▸ Description of the task: All of the data should be output character for character, except the pictures.
========
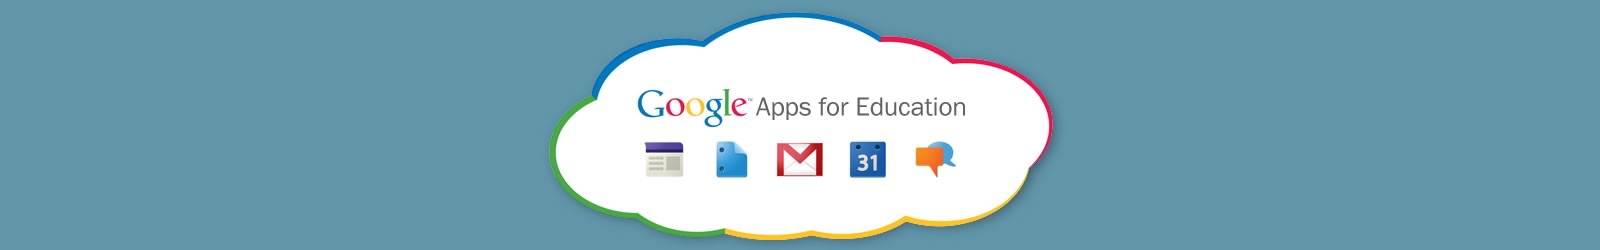 Learning3 Google Apps for Education specialists
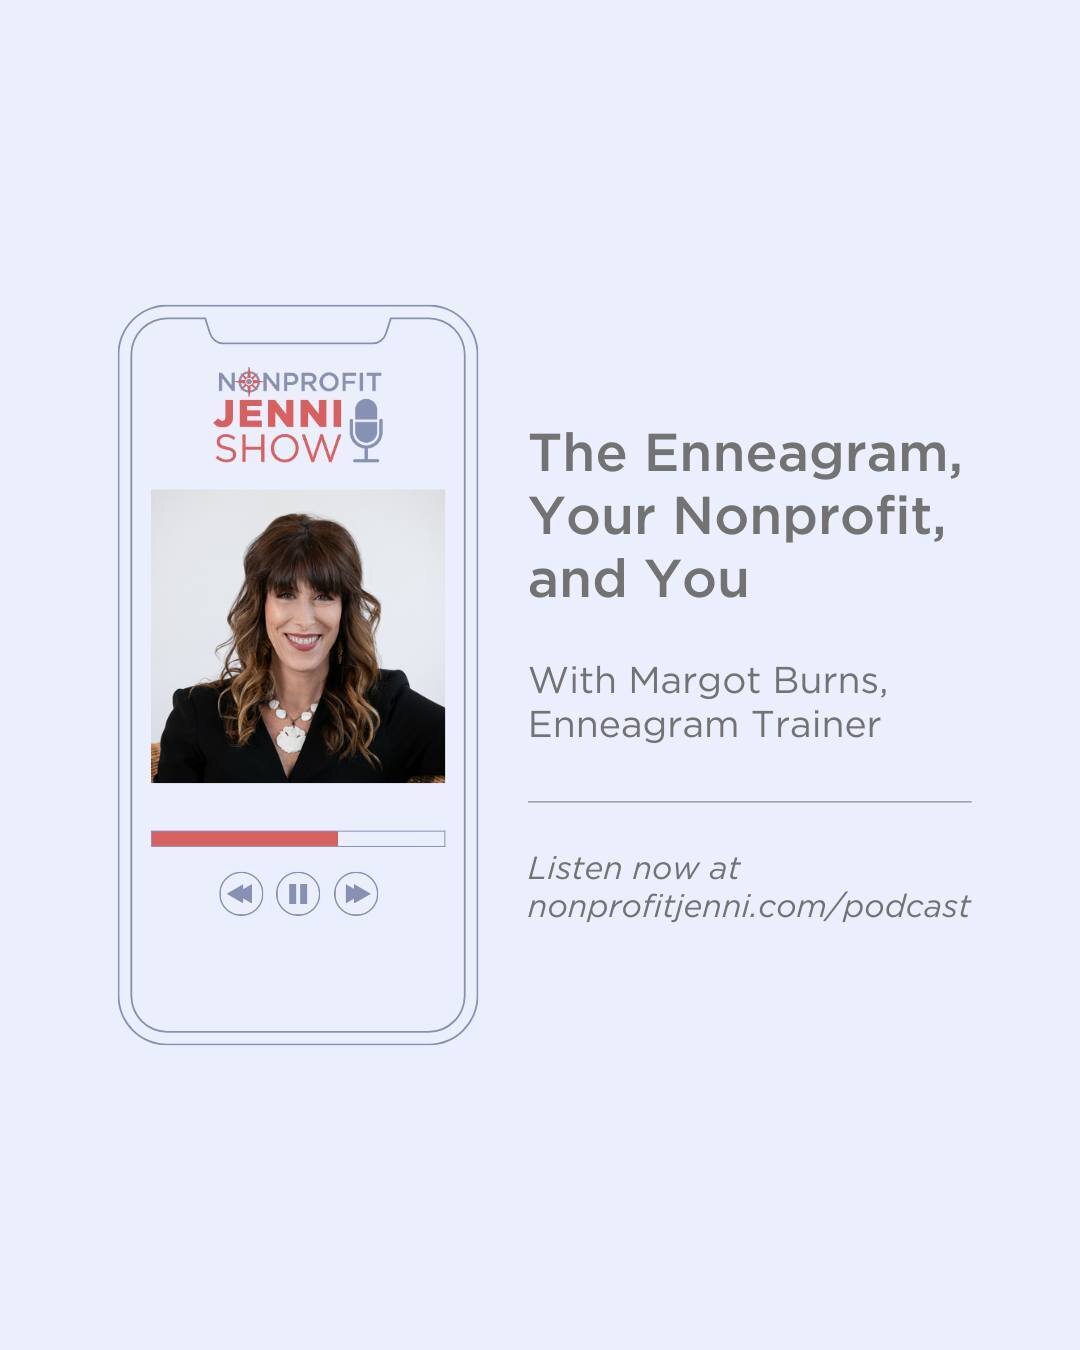 How does your personality type impact your nonprofit work? What about your team?

This week on the Nonprofit Jenni Show, I'm chatting with Margot Burns about what the Enneagram tells you about your work! Listen now at nonprofitjenni.com/podcast or wi
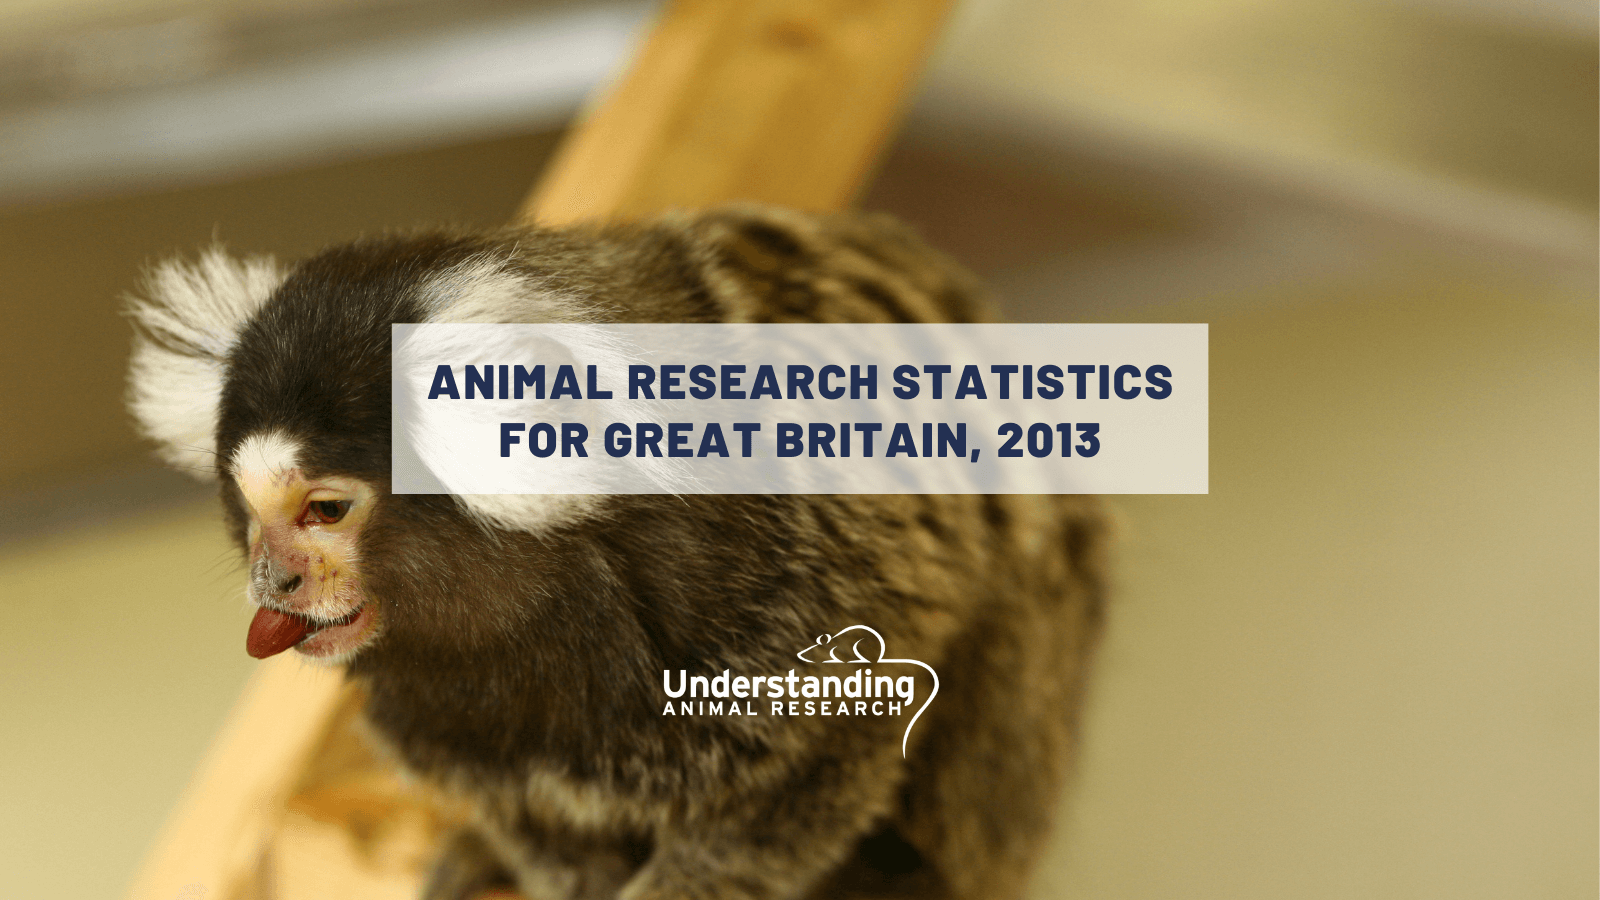 Animal research statistics for Great Britain, 2013
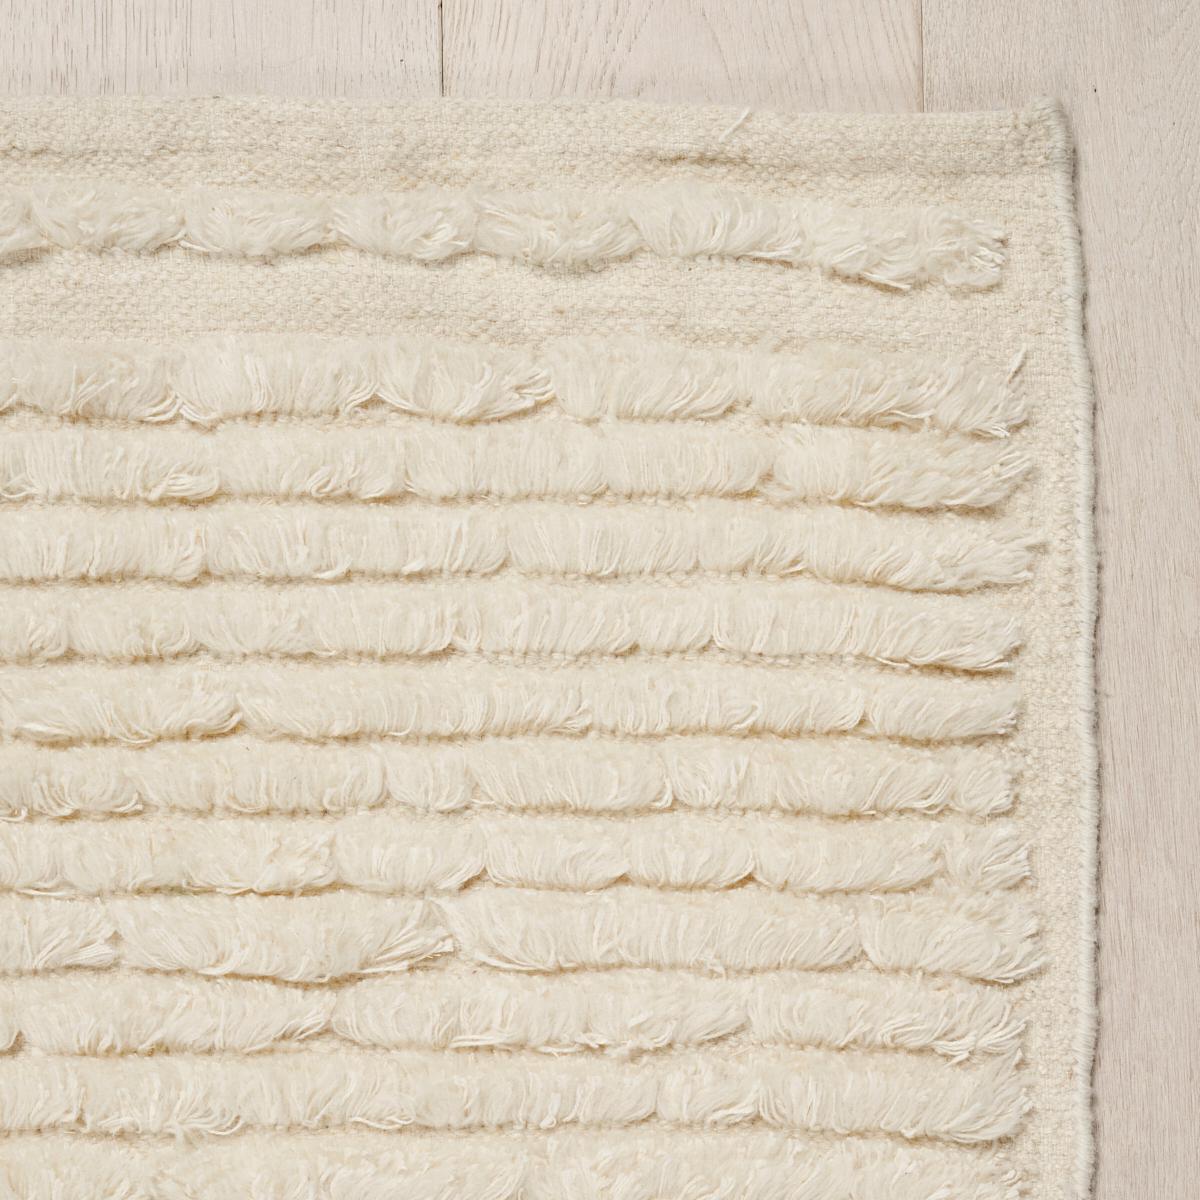 Our Cirrus Rug is a simple wool flatweave made fabulous by furry rows of fringe-like cotton-linen tufting. An understated statement piece, this unique rug adds luxurious texture to any room.
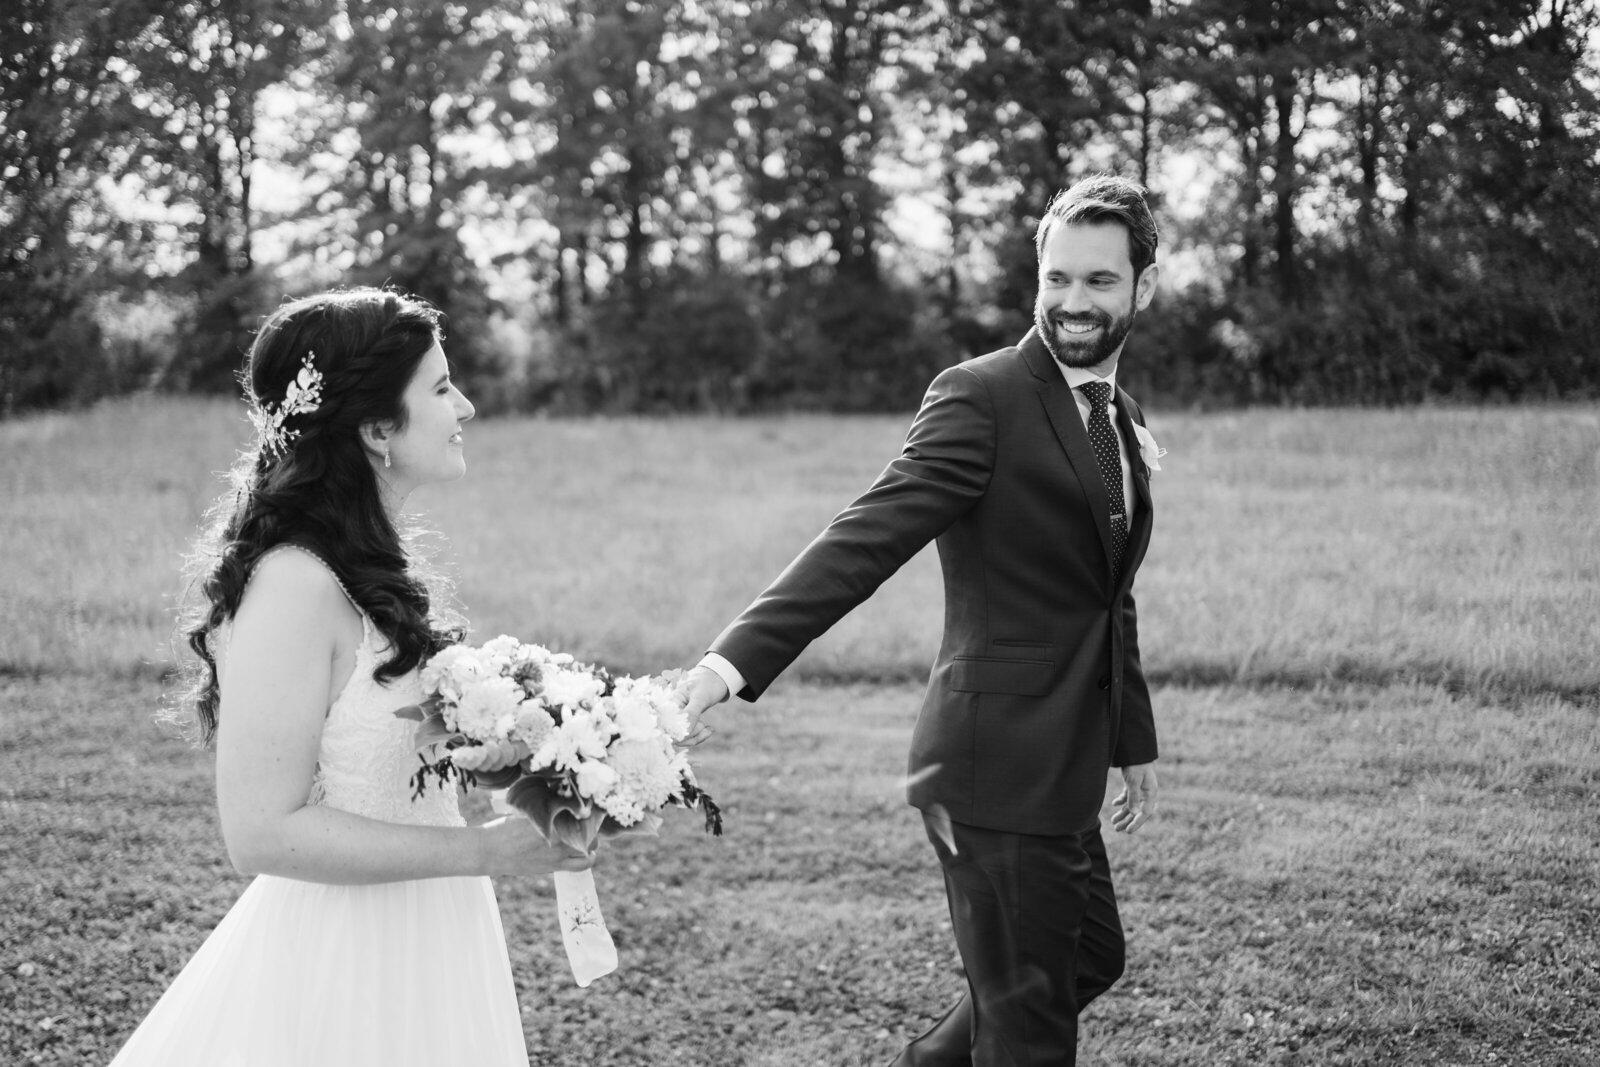 A groom holds his wife's hand and leads her across a field
========
▸ Response to the task:
 Learning3 Google Apps for Education specialists
 How does your personality type impact your nonprofit work? What about your team?

This week on the Nonprofit Jenni Show, I'm chatting with Margot Burns about what the Enneagram tells you about your work! Listen now at nonprofitjenni.com/podcast or wi
 Animal research statistics for Great Britain, 2013
 Our Cirrus Rug is a simple wool flatweave made fabulous by furry rows of fringe-like cotton-linen tufting. An understated statement piece, this unique rug adds luxurious texture to any room.
 A groom holds his wife's hand and leads her across a field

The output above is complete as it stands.